Explicitly, $b,c=\frac{-(a-1)\pm \sqrt{(a-1{)}^2+4a}}{2}=\frac{-(a-1)\pm \sqrt{a^2+2a+1+4a}}{2}=\frac{-(a-1)\pm \sqrt{a^2+6a+1}}{2}$

So the solutions are all real $x$ such that $$x^2+\left(\frac{-(a-1)+\sqrt{a^2+6a+1}}{2}\right)x+1=0$$ or $$x^2+\left(\frac{-(a-1)-\sqrt{a^2+6a+1}}{2}\right)x+1=0$$

That is, for each $a$, the equation has at most four real solutions, given by the roots of these two quadratics.

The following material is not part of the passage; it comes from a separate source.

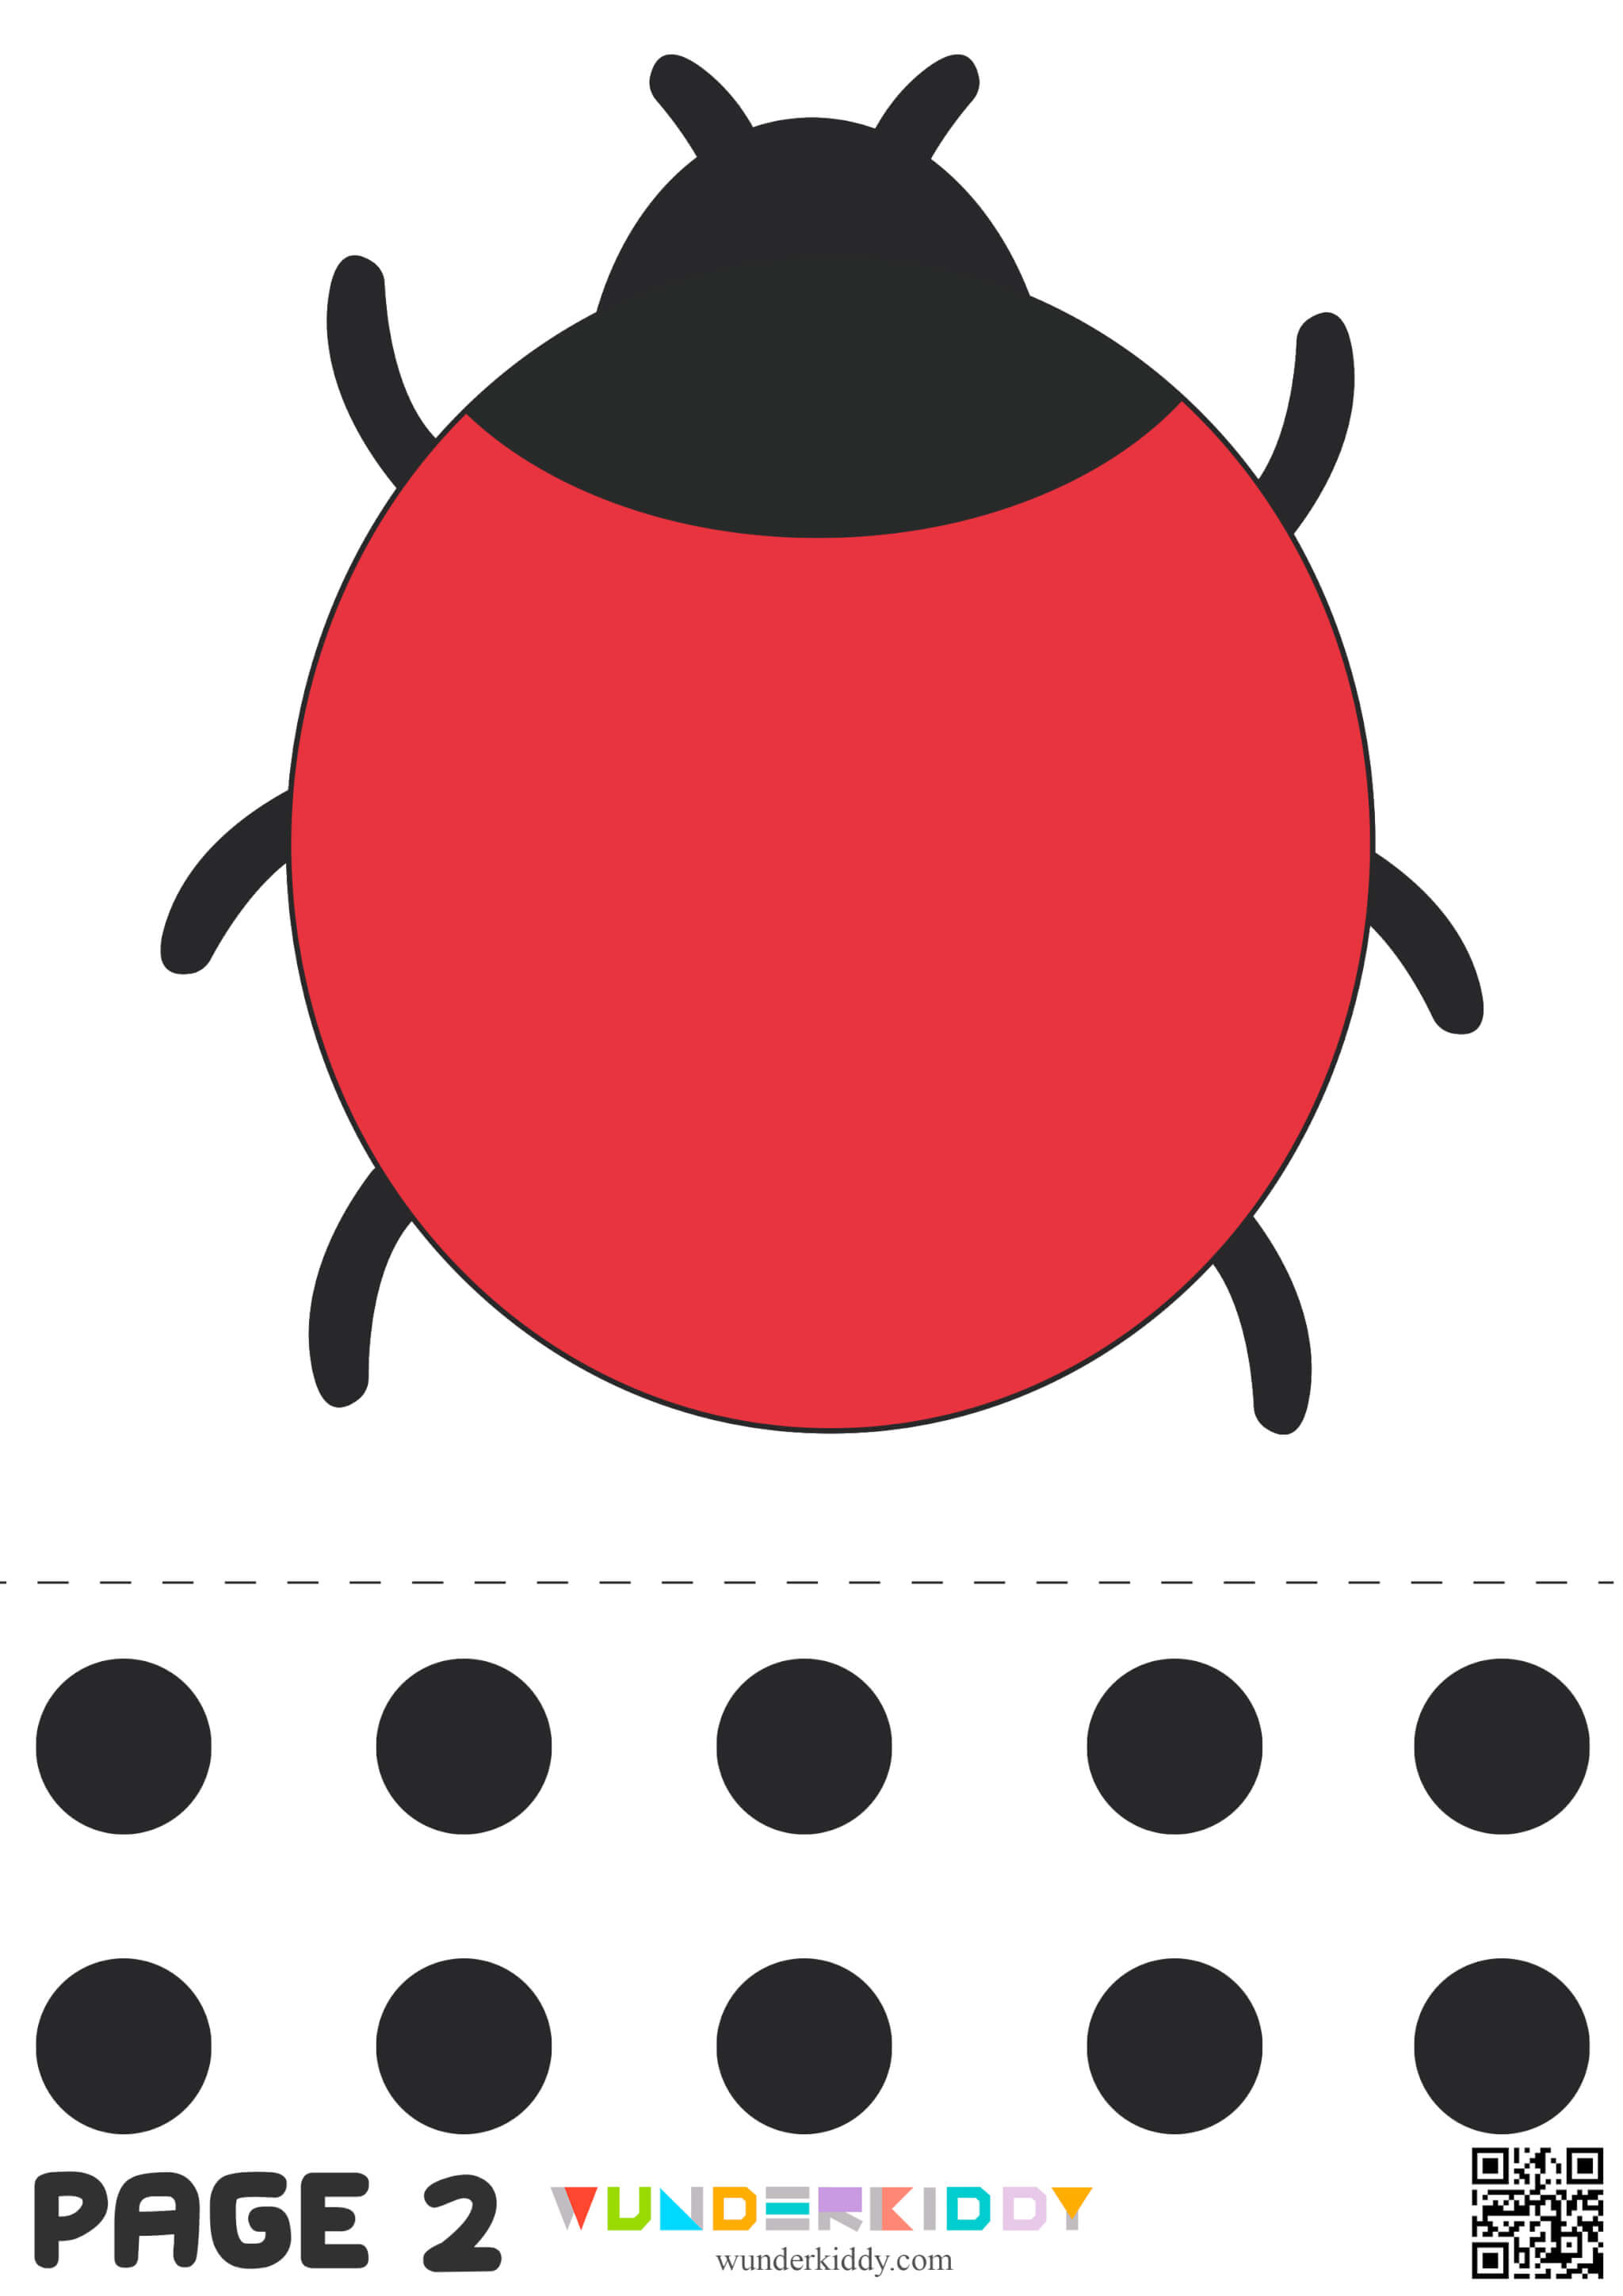 Ladybug Activity and Templates for Kids - Image 3

Special cases: - If $a=2$, then $b+c=-(2-1)=-1$, $bc=-2$; so $b$ and $c$ are roots of $t^2+t-2=0$, i.e., $t=1,-2$. So the quadratics are $x^2+x+1=0$ and $x^2-2x+1=0$. The first has no real roots, the second is $(x-1{)}^2=0$, so $x=1$ is a double root. - If $a=-2$, then $b+c=-(-2-1)=3$, $bc=2$; so $t^2-3t-2=0$, $t=\frac{3\pm \sqrt{9+8}}{2}=\frac{3\pm \sqrt{17}}{2}$. Both quadratics $x^2+bx+1=0$ and $x^2+cx+1=0$ have real roots.

In summary:

For each real $a$, the solutions are all real $x$ such that $$x^2+bx+1=0\text{or}{x}^2+cx+1=0$$ where $b$ and $c$ are the roots of $t^2+(a-1)t-a=0$.